You do not say what calls RPG2 - if CL1 calls the OVRDBF SHARE(*YES) and then calls RPG1, which opens the file, then RPG1 calls RPG2 which also "opens" the file, RPG2 is using the same ODP as RPG1. Whatever you do in RPG2 as far as reading a different record, that will change what RPG1 sees when control returns to it. Of course, the type of open has to be the same throughout the call stack.
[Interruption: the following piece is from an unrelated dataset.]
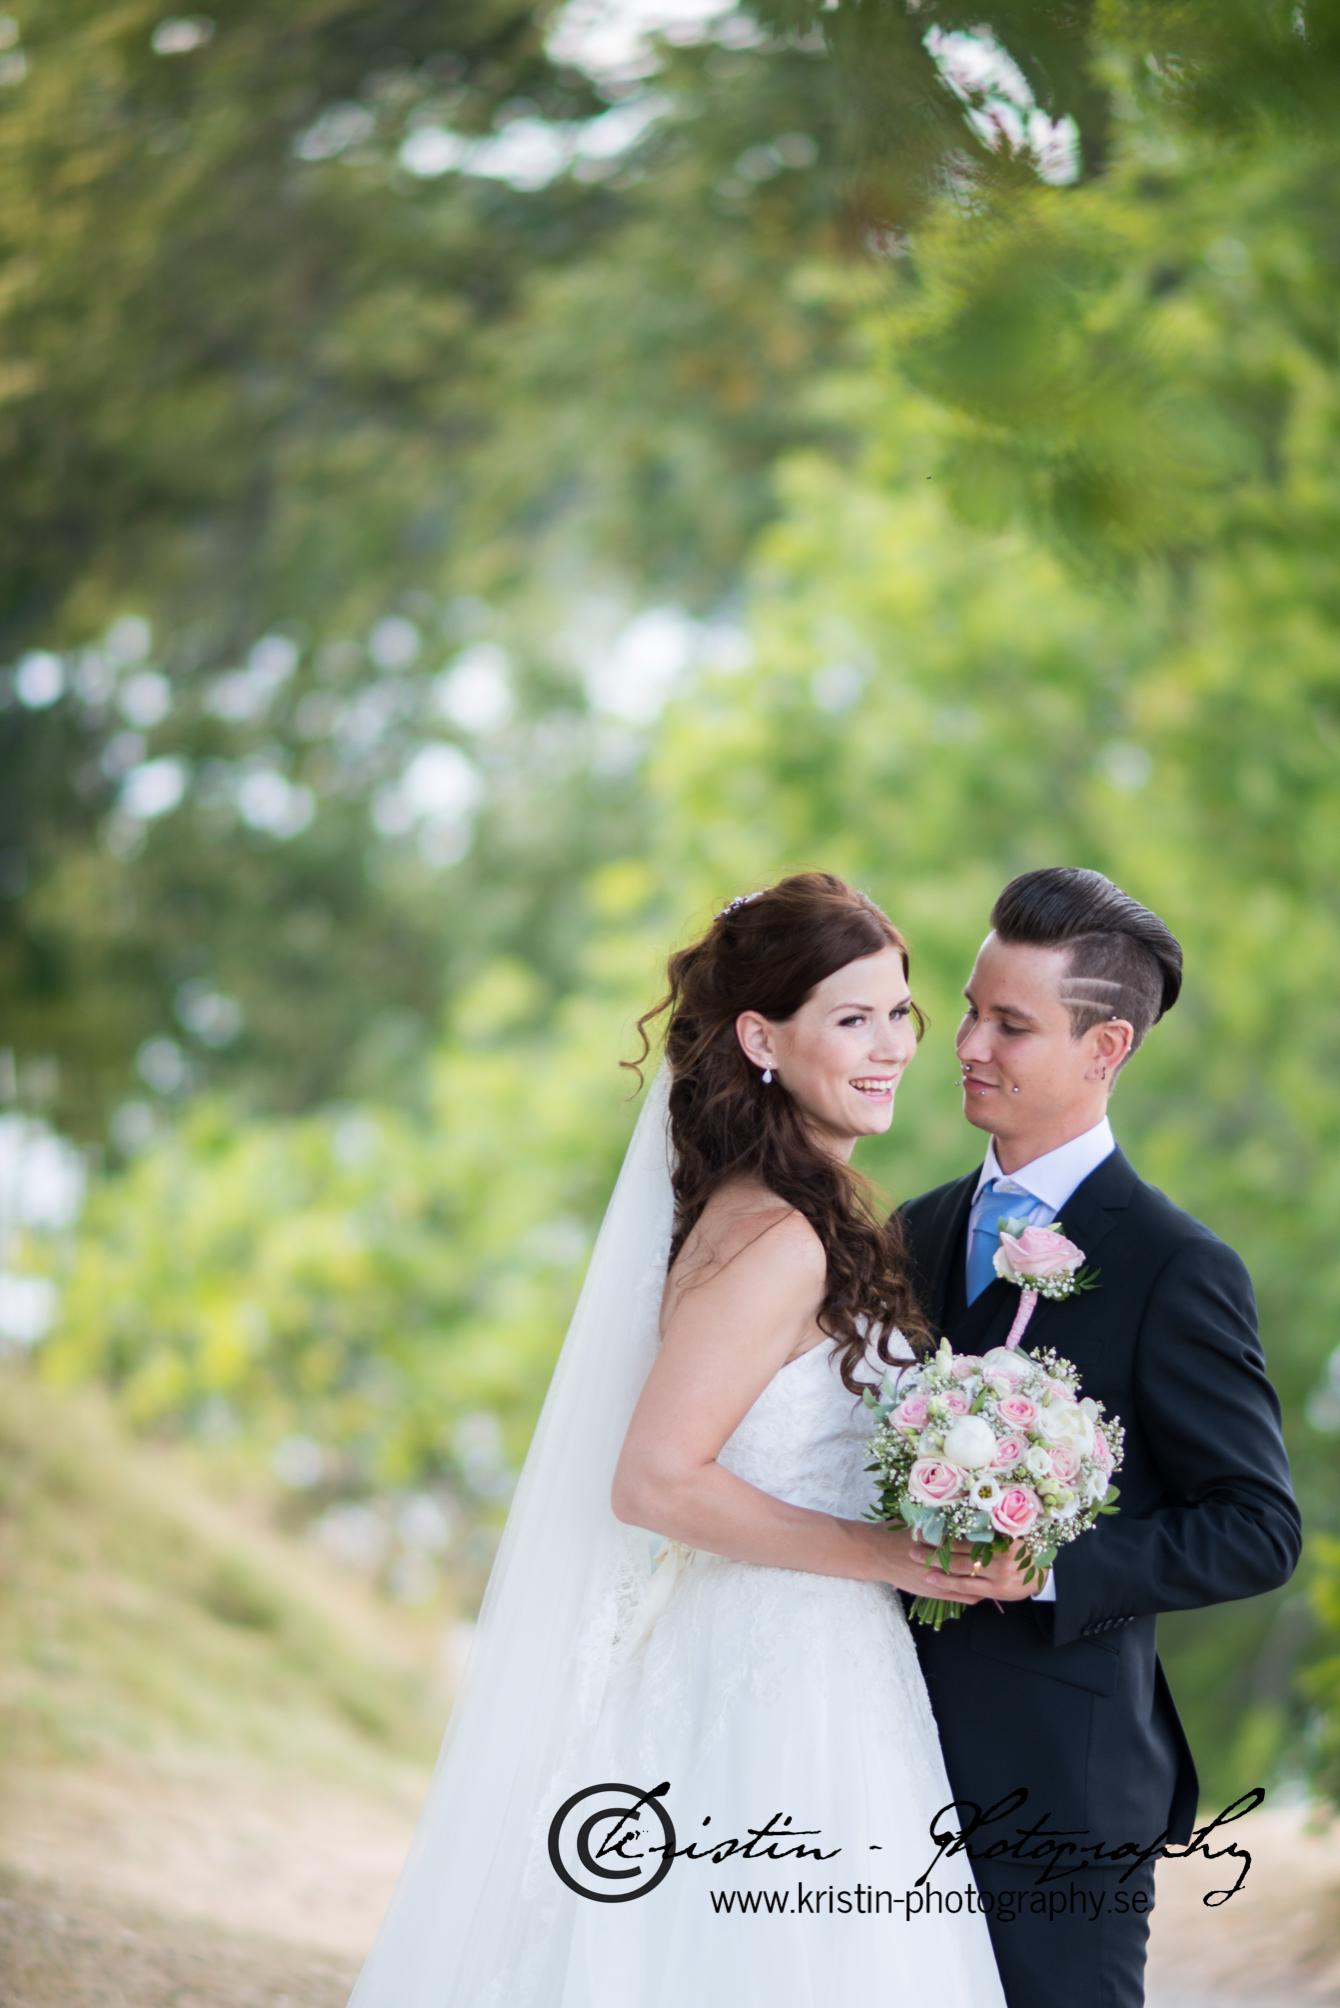 Bröllopsfotograf i Eskilstuna, Kristin - Photography, weddingphotographer -281.jpg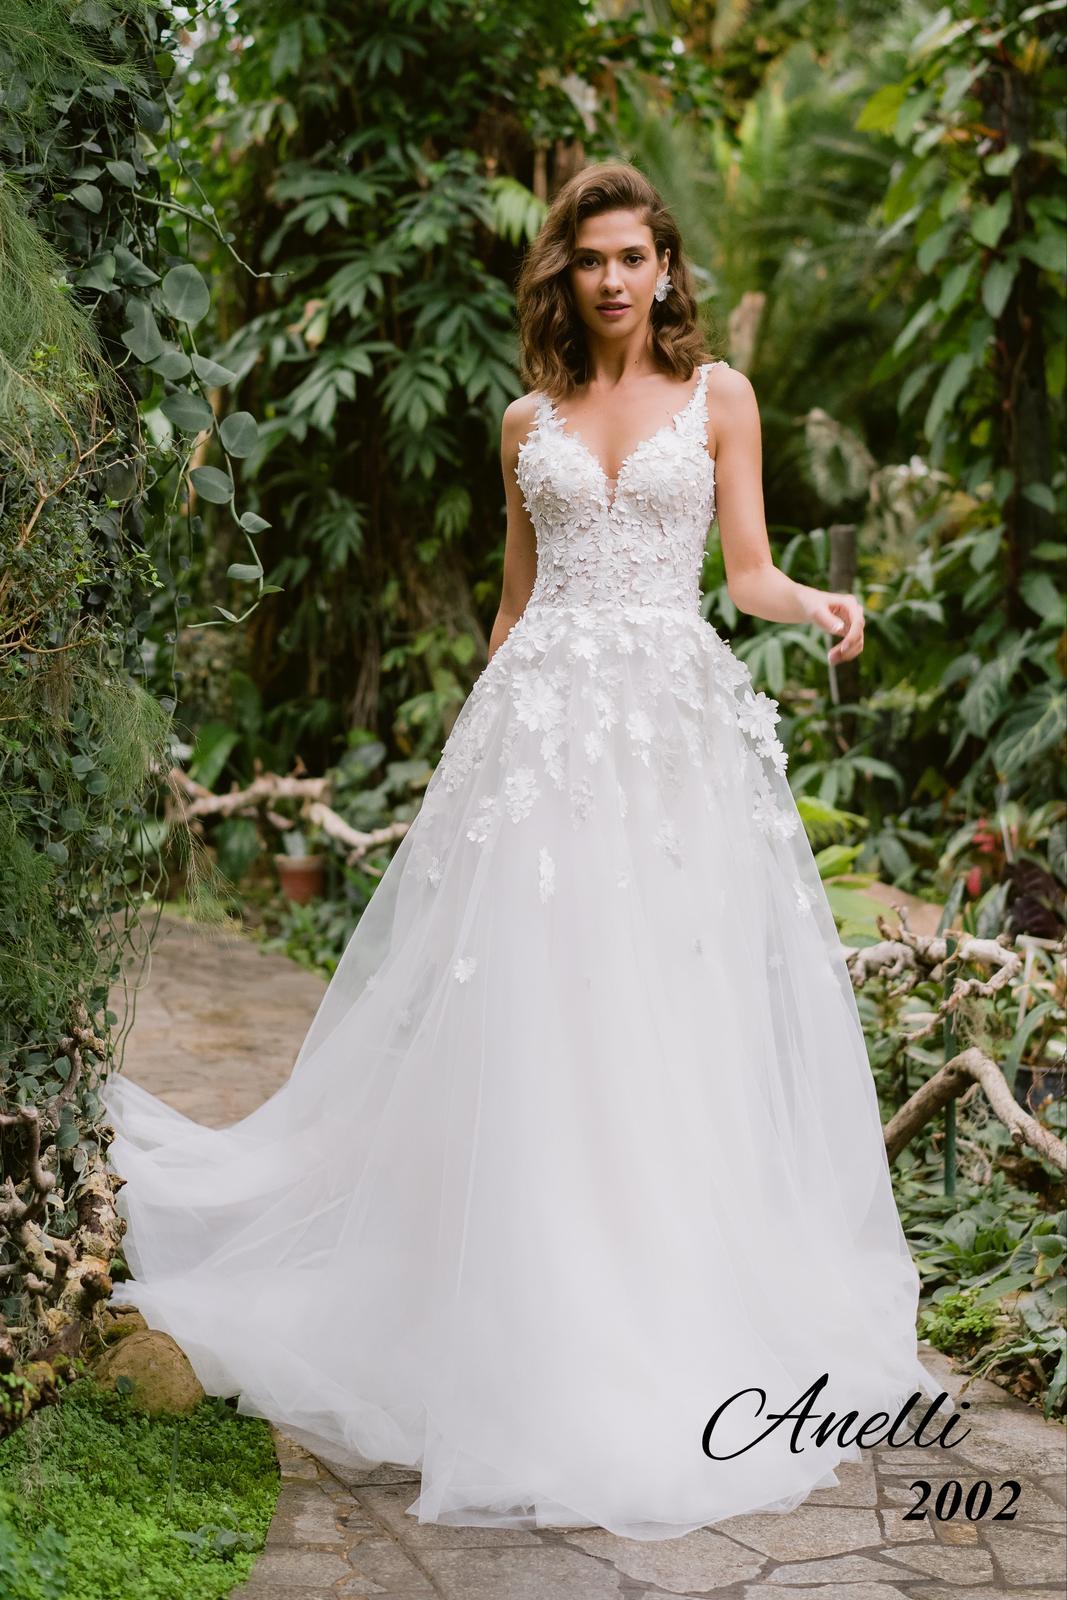 Svadobné šaty - Breeze 2002 - Obrázok č. 2

SHARE(*YES) is used with OPNQRYF because you actually get an ODP in the CL program. When you call the RPG, the file being opened will use the ODP from the CL, which is exactly what you want. If you did not have the SHARE(*YES), the RPG would try to open the actual physical or logical file instead of getting the results of running OPNQRYF.

HTH
Vern

David FOXWELL wrote:
-----Message d'origine-----
[mailto:midrange-l-bounces@xxxxxxxxxxxx] De la part de Wintermute, Sharon
Envoyé : mercredi 3 mars 2010 15:35
À : Midrange Systems Technical Discussion
Objet : RE: ovrdbf SHARE parameter

It can also be used on the display file when multiple programs use the same display file and you only want one copy in memory.
Sharon Wintermute



Vern, Sharon,

Your examples concern a file that stays open between different calls from different programs, I think. In my case the file is overridden with share(*yes) then RPG1 processes the file as a primary file, then RPG2 does the same. So I think that the share parameter has no effect here?